First, let me be clear up front that I’m not promoting the idea that there should be one “universal” Linux distro. With all the various distros out there for consumers, there’s lots of discussion about Arch, Debian, and Fedora (and their various descendant projects), but I rarely see much talk about openSUSE.
Why might somebody choose that one over the others? What features or vision distinguishes it from the others?
Edit: I love all the answers! Great stuff. Thanks to everyone!
There are a bunch of software-related reasons why openSUSE is a good choice (snapper, zypper, yast, to name a few), although few are exclusive to openSUSE. I think the primary selling point of openSUSE (Tumbleweed) is that it is a rolling release distro that never crashes, never requires attention, and just works. One of the reasons people don’t talk about it is probably that it is boring. All packages are tested extensively. It never breaks. And even if it did break, the default btrfs file system and snapper ensure that the system doesn’t stay broken for longer than it takes to reboot.
If you want a distro that is up to date, easy to use, and dependable, openSUSE is a fantastic choice.
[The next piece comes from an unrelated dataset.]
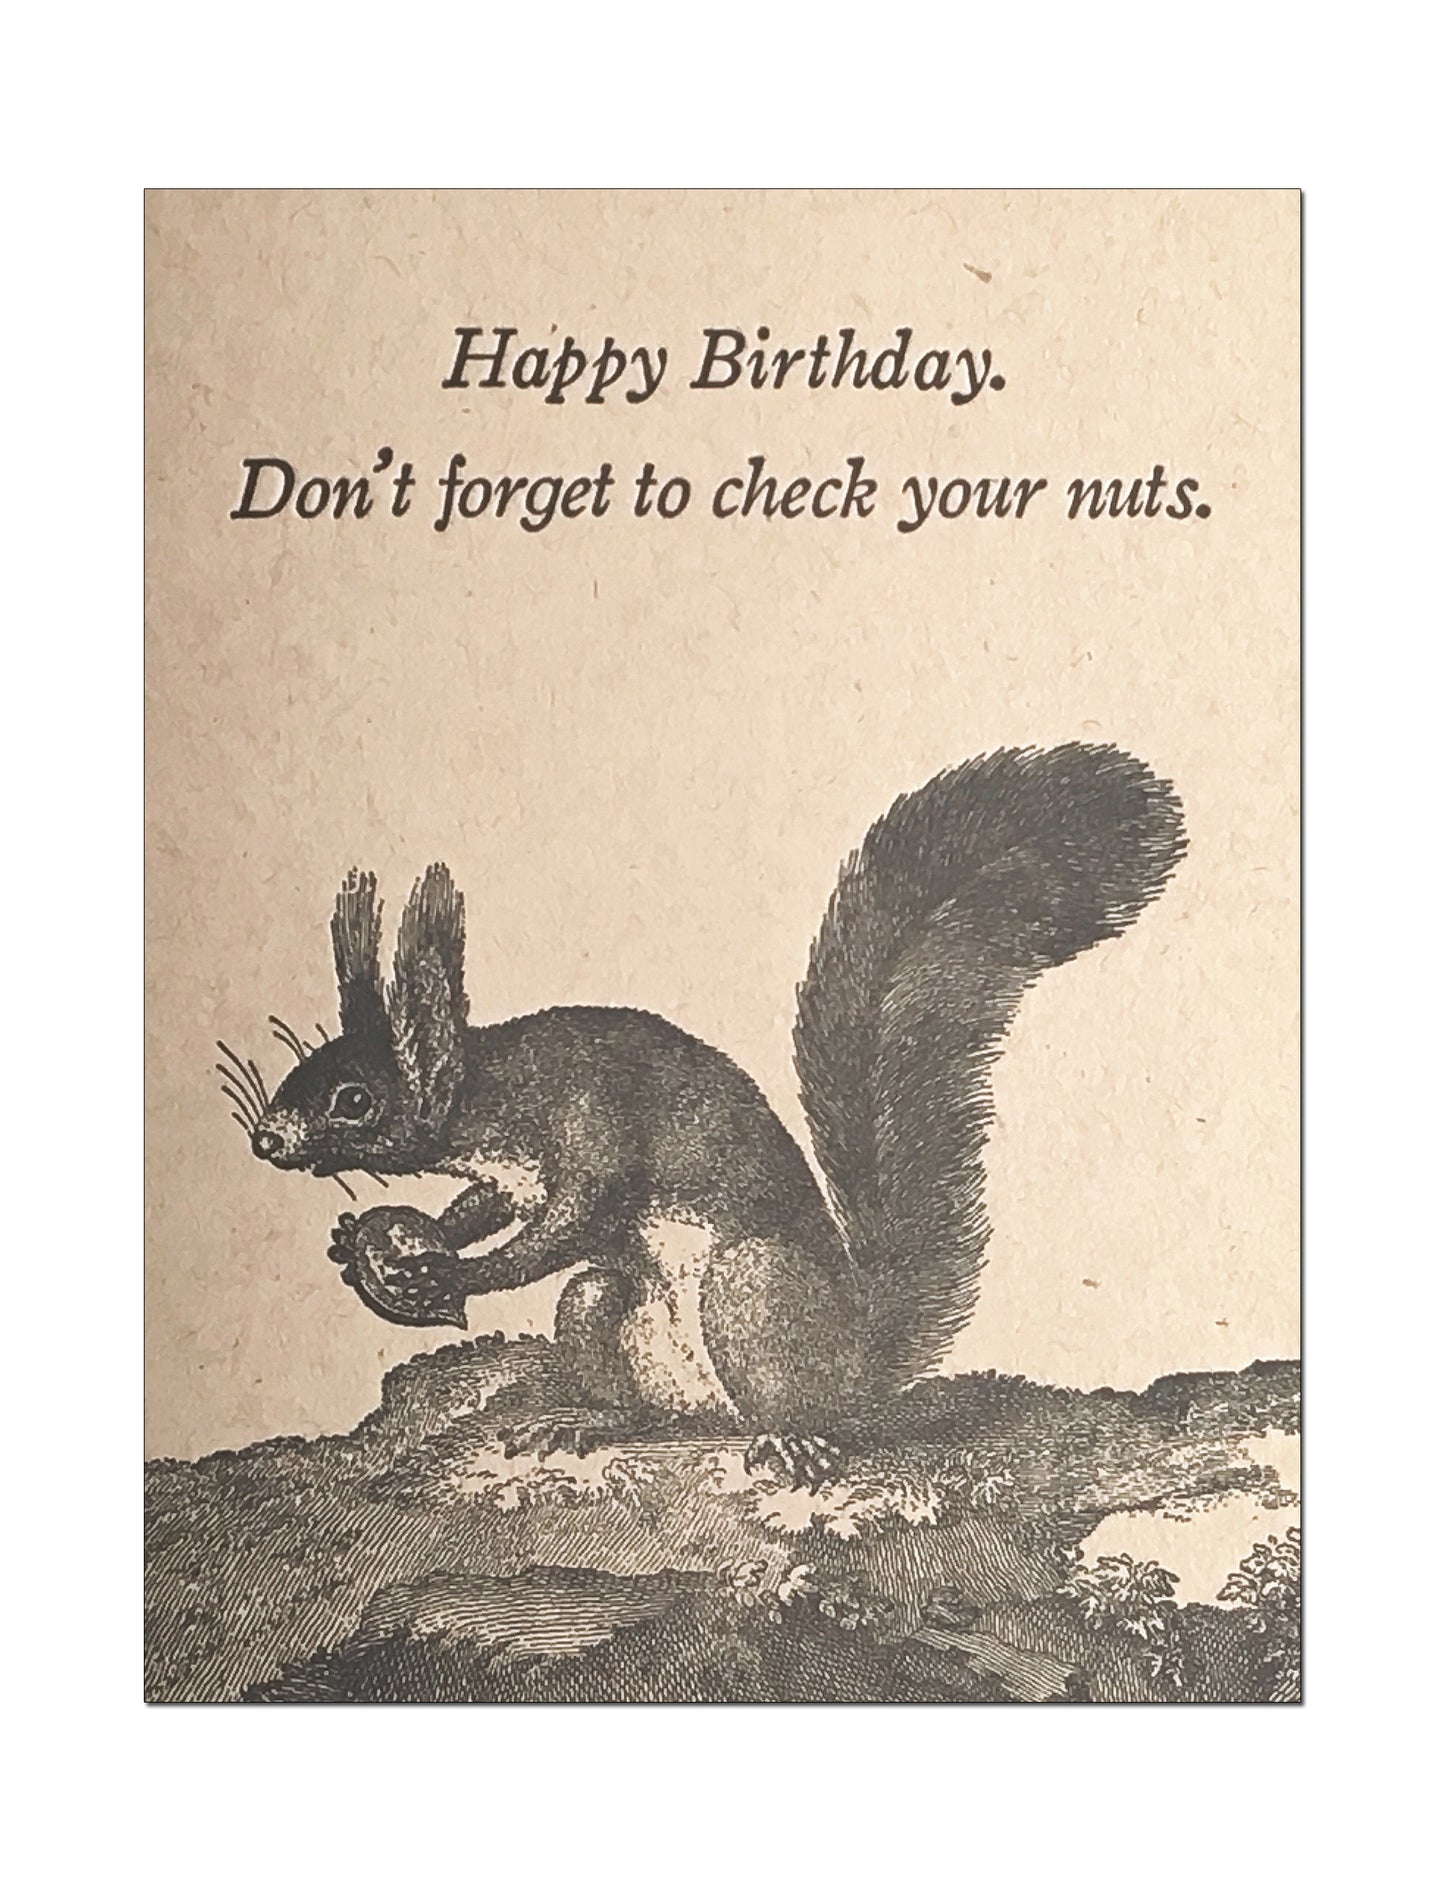 Check Your Nuts. Letterpress Men's Health Birthday.

It’s just not very exciting to have something that never requires attention; a lot of people use Linux because they like things requiring attention.
As an afterthought, I also think the fact that openSUSE and its users seem to be pathologically unable to create any logo or symbol for anything even tangentially related to the distribution that doesn’t look like absolute shit might be holding them back.
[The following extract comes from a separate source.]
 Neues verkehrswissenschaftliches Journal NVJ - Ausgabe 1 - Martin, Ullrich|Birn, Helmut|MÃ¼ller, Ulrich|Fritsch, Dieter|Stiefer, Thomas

The curse of competency. The stuff people mostly talk about is the stuff people are complaining about.
I don’t remember who said it, but a writer once commented that the reason there’s so much conflict at the center of novel plots is because nobody wants to read a book about old Mrs Harrington, who lives a quiet, happy, commented life, spending her days working in her garden. Because it’s boring.
I think it’s mostly because a lot of users here are quite new. After a few years, you just want to do things with your system, not to it.
Back in the 90s I was all for breaking stuff and installing weird shit all the time (distributions were also much more rustic at the time). Nowadays, the less I notice my system, the better.
(So I run Tumbleweed)
I just got it tumbleweed is a rolling release because tumbleweeds roll in the wind.
And they said Germans couldn’t make fun jokes?
That’s exactly why I am on Tumbleweed as well.
I am not German myself, but most of my colleagues are. Having gotten to know the German attitude towards technology, I feel I understand why life with openSUSE is as uneventful as it is. How anyone got them to adopt something as subversively radical as a rolling release model is something of a mystery to me, but I won’t complain.
Not true. Fedora and others use BTRFS too and just dont deal with snapshots at all.
I dont care about traditional Fedora but that is pretty bad. TW is way better here.
Thanks for this clarification. I didn’t consider that someone might run btrfs without snapshots, but I suppose that might even be quite common. I don’t get out much.
I still find it quite baffling that for a distro that pitches itself as an everyday Linux distro for newer and intermediate users, Fedora doesn’t come with snapshots preconfigured out of the box or any obvious way of handling a system restore.
Yes traditional Fedora is useless in that regard. Their offline updates also dont really work reliably.
Rpm-ostree (“Fedora Atomic Desktops”) Fedora meanwhile is really really nice.
As shallow as it might seem, good branding is really important, since it has the power to instantly convey vision or commitment to a project.
But to your point about low-maintenance distros, I wonder how the immutable landscape will look in the next five years!